Single-cell dissociation
The fresh biopsy samples were digested with Solo Tumor Dissociation Kit (Sinotech Genomics, JZ-SC-58201) for 45 minutes at 37°C with sustained agitation. Next, samples were filtered through 40 μm sterile strainers and centrifuged at 300 g for 5 minutes. After supernatants were discarded, the pelleted cells were suspended in Red Blood Cell Lysis Buffer (Miltenyi Biotec) to lyse red blood cells, and cells were incubated at 25°C for 10 minutes. After washing with PBS containing 0.04% BSA, cell pellets were resuspended in PBS containing 0.04% BSA and passed through a 35 μm cell strainer. Dissociated single cells were stained using Calcein-AM (Thermo Fisher Scientific) and Draq7 (BD Biosciences) to assess the viability using BD Rhapsody Scanner (BD Biosciences) for quality assessment.
Single-Cell RNA library and Sequencing
Cells were loaded in BD Rhapsody micro-well cartridges with cell capture beads.10 Next, cell capture beads were retrieved, and reverse transcription was performed. The cDNA library was constructed by microbeads-captured single-cell transcriptome containing cell labels and unique molecular identifiers information. All procedures were performed with BD Rhapsody cDNA Kit (BD Biosciences, Cat. No. 633773) and BD Rhapsody Targeted mRNA & AbSeq Amplification Kit (BD Biosciences, Cat No. 633801). The libraries were sequenced on the NovaSeq platform (Illumina).

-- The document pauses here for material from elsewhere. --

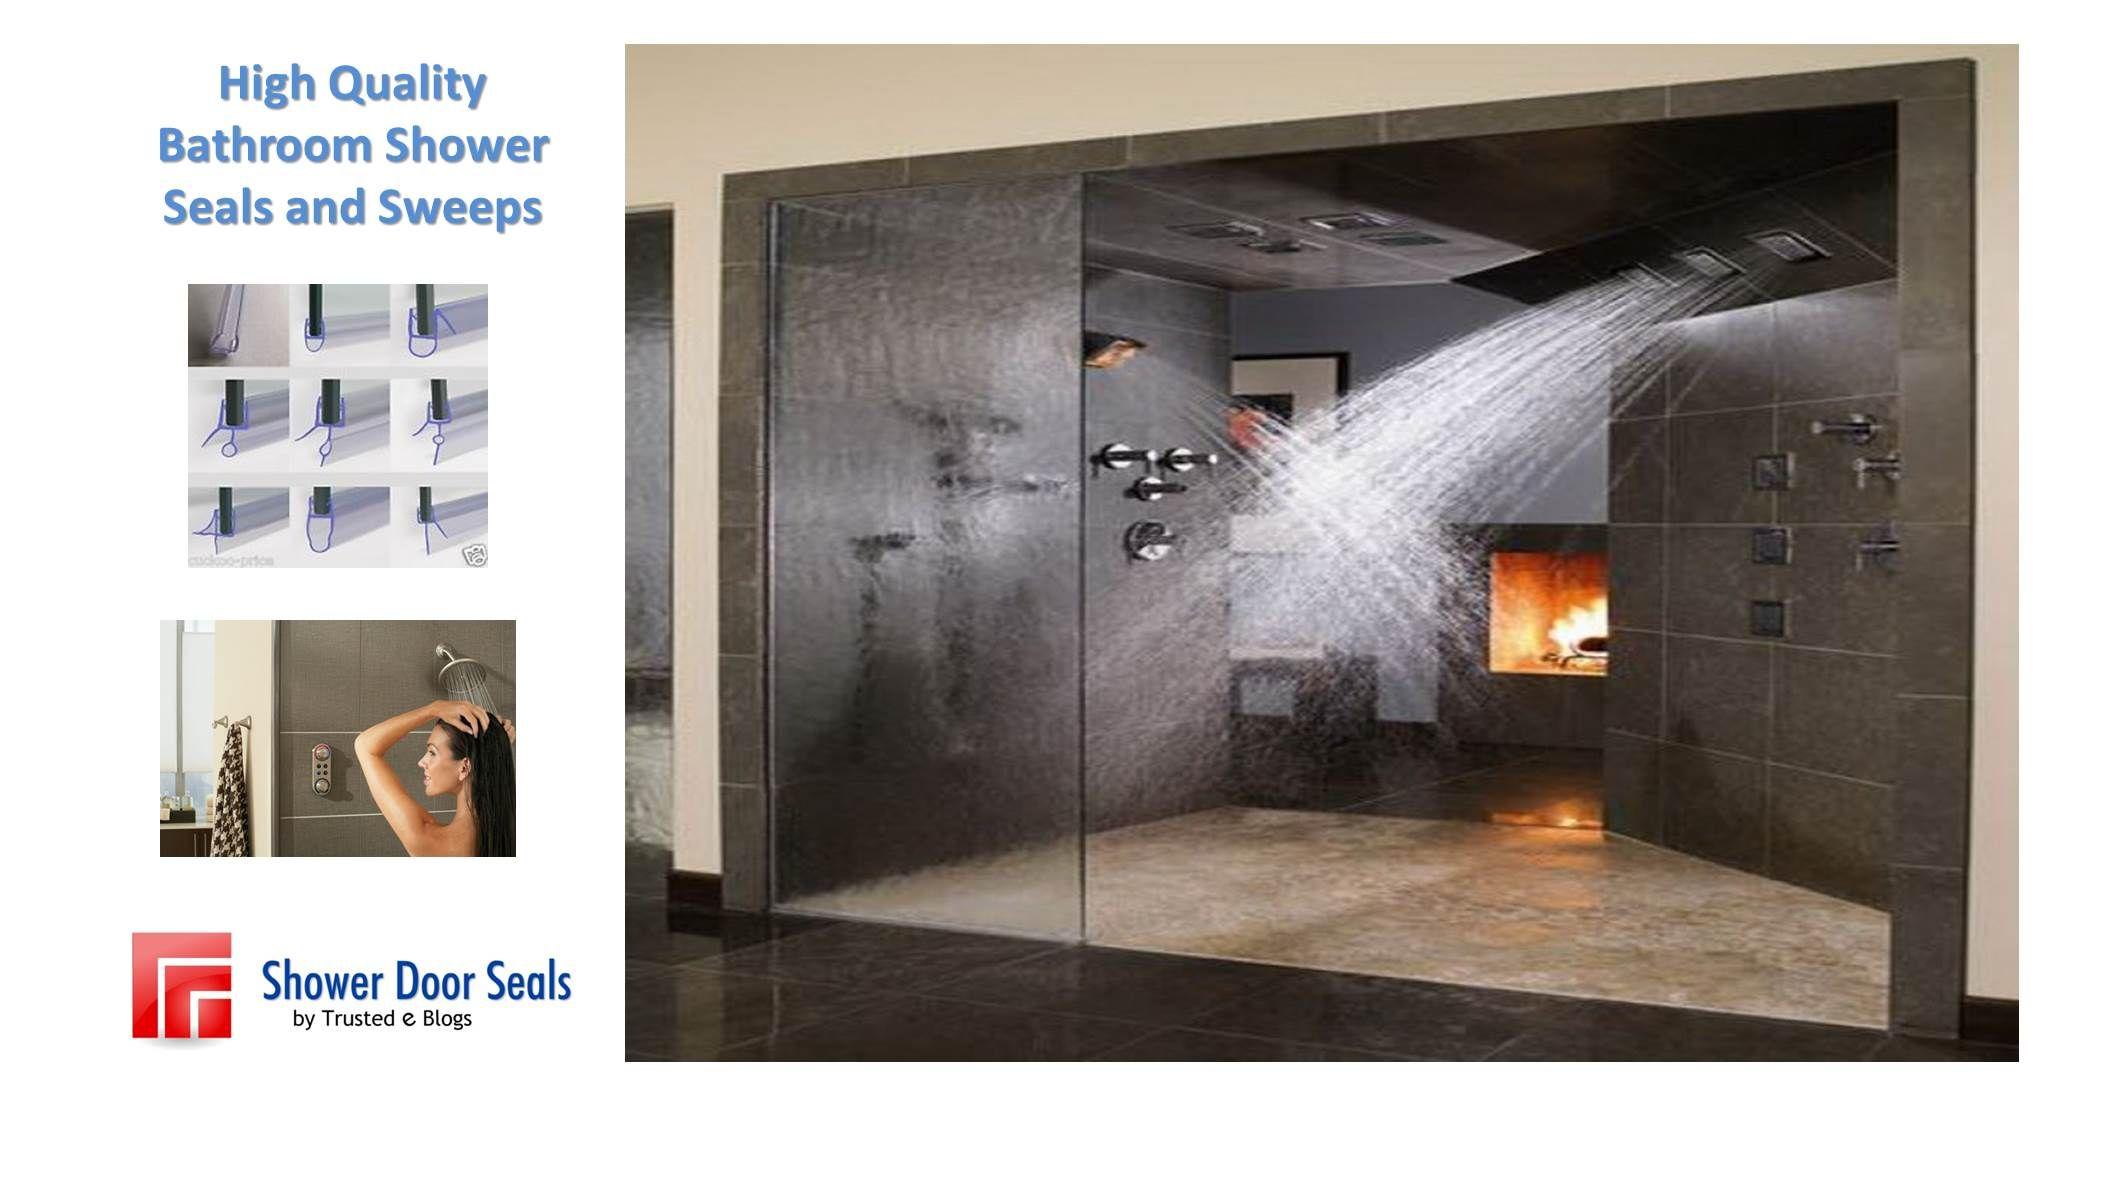 Premium Quality Shower Door Seals And Sweeps Repair Your Shower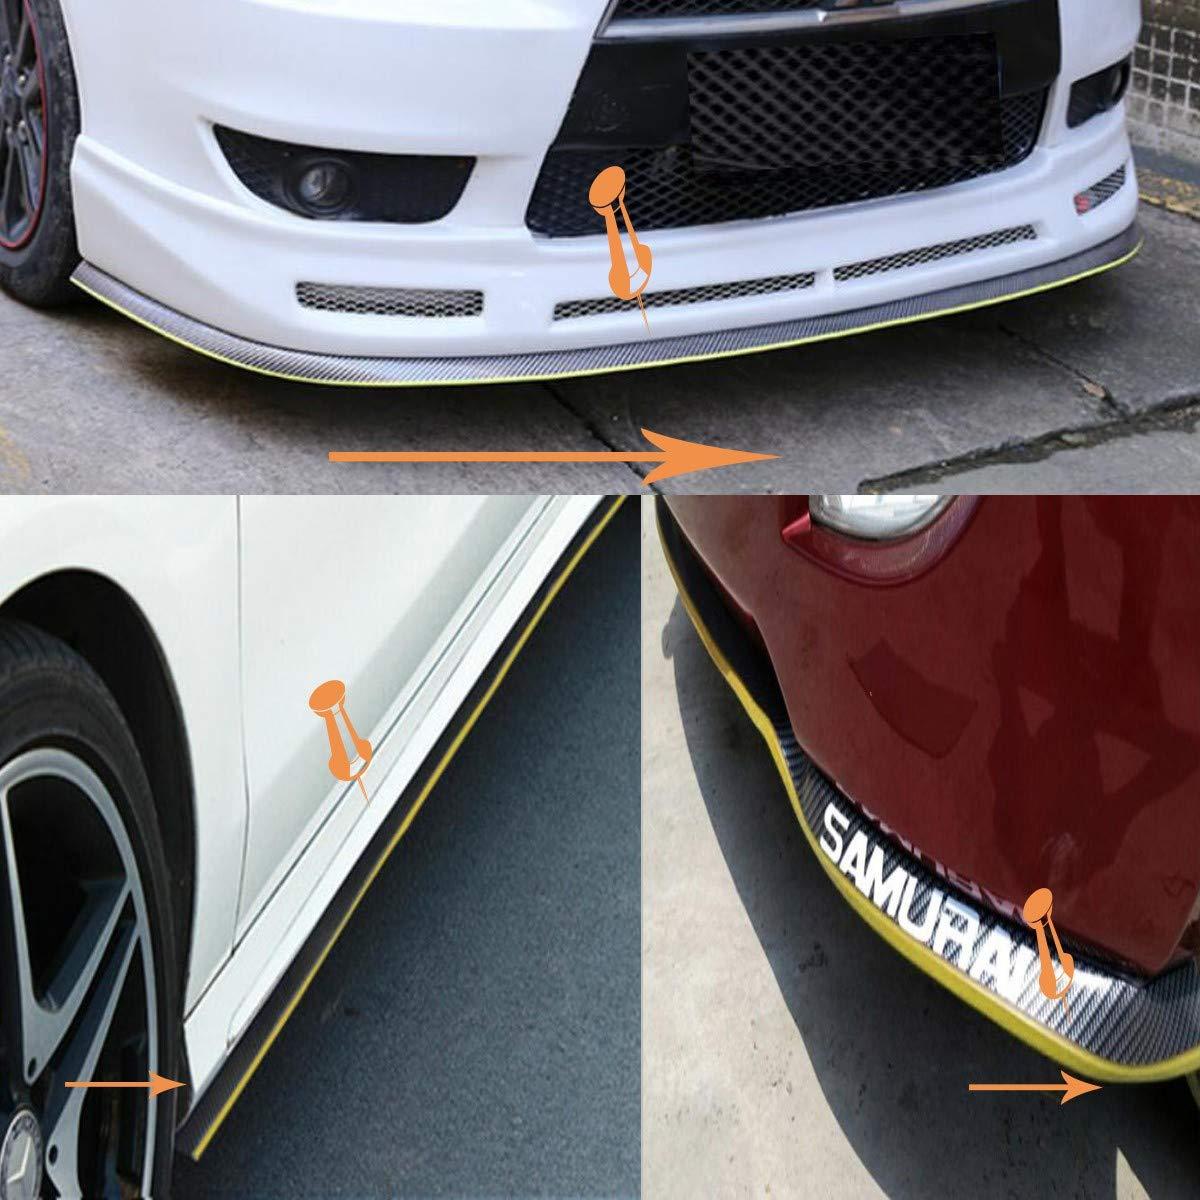 Special Universal Rubber Carbon Fiber Bumper Front Lip;Suitable for Side Skirt Lip Separator 2.5m,Golden Front Bumper Lip Spoiler,100/% Waterproof and Durable ByLucky

scRNA-seq was performed using the Whole Transcriptome Assay Analysis Pipeline (v1.8). The output matrix of unique molecular identifiers counts for each gene per cell was used for downstream analysis. Genome Reference Consortium Human Build 38 (GRCh38) was used as a reference for the BD pipeline. The scRNA-seq data generated in this paper were deposited in Genome Sequence Archive with access number HRA002862 (https://ngdc.cncb.ac.cn/gsa-human/browse/HRA002862).
Single-Cell RNA processing
The raw output data were processed with the R package Seurat (v4.0.5). Cells that had fewer than 300 detected genes or had>20% mitochondrial gene counts were filtered out. Further, we removed the potential doublets using the DoubletFinder package (v2.0.3).11 The batch effects were removed by the Harmony package (v0.1.0).12 We applied SCTransform to the Seurat object and principal components analysis for dimensionality reduction. The top 15 principal components were used in subsequent cell cluster analysis. The main cell clusters were identified with the FindNeighbors and FindClusters functions. The nonlinear dimensional reduction was performed using UMAP. The cell types were annotated based on the DEGs and the well-known cellular markers from the literature.
Trajectory analysis
Single-Cell pseudotime trajectory analysis was performed with Monocle 2 R package(v2.22.0).13 Branch expression analysis modeling was applied for branch fate-determining gene analysis. The enrichment GO terms of the genes in each cluster were calculated with the clusterProfiler (v4.2.2) package.14
SCENIC analysis
SCENIC analysis was performed with R package SCENIC (v1.2.4) to measure the difference between cell clusters based on transcription factors or their target genes.15
Interactome analysis
We analyzed our scRNA-seq data for potential ligand-receptor interaction using the CellChat R package (v1.1.3).16
DEGs identification and GO enrichment analysis
Differentially upregulated genes were identified with the FindMarkers function, and the cluster-specific overrepresented GO biological process was calculated with the clusterProfiler package (version 4.2.2).14 We applied the gene set variation analysis (GSVA) to assess the relative pathway activities in the myeloid cells. The gene set lists were derived from the 50 hallmark gene sets in MSigDB databases.17
Analysis of Immune Cell Characteristics
To verify differences in the immunity of CXCL13 T high and low groups, we used the “Single sample gene set enrichment analysis ” algorithm through GSVA for tumor infiltration lymphocytes analysis and the “Estimate” package to calculate the immune score based on the expression level of RNA-seq.18
Definition of cell signature and cell function score
The signature of CXCL13 T cells, SPP1+TAMs, CXCL9 TAMs, and cDCs was based on the top differentially expressed genes in each cluster. We calculated the exhaustion score and effector memory score through “AddModuleScore” based on a set of T-cell exhaustion-related genes and effector/memory-related genes.19 The gene used for angiogenesis and phagocytosis scores were based on MsigDB. The M1/M2 signatures were acquired from Azizi and Zhang et al’s research20 (Supplementary Table 1, http://links.lww.com/HC9/A241).
Correlation analysis
We calculated the average expression of signature genes of corresponding immune cell clusters in bulk RNA-seq data. Pearson correlation analysis was applied to further confirm the correlation between distinct immune cell types.
Survival analysis
We acquired the SKCM, BRCA, CHOL, and HNSC datasets from The Cancer Genome Atlas (TCGA) datasets. The Cox proportional hazards model implemented in the R package ‘survival’ was used to perform survival analysis. Kaplan-Meier analysis was used to compare survival, and the Log-rank test p value was calculated.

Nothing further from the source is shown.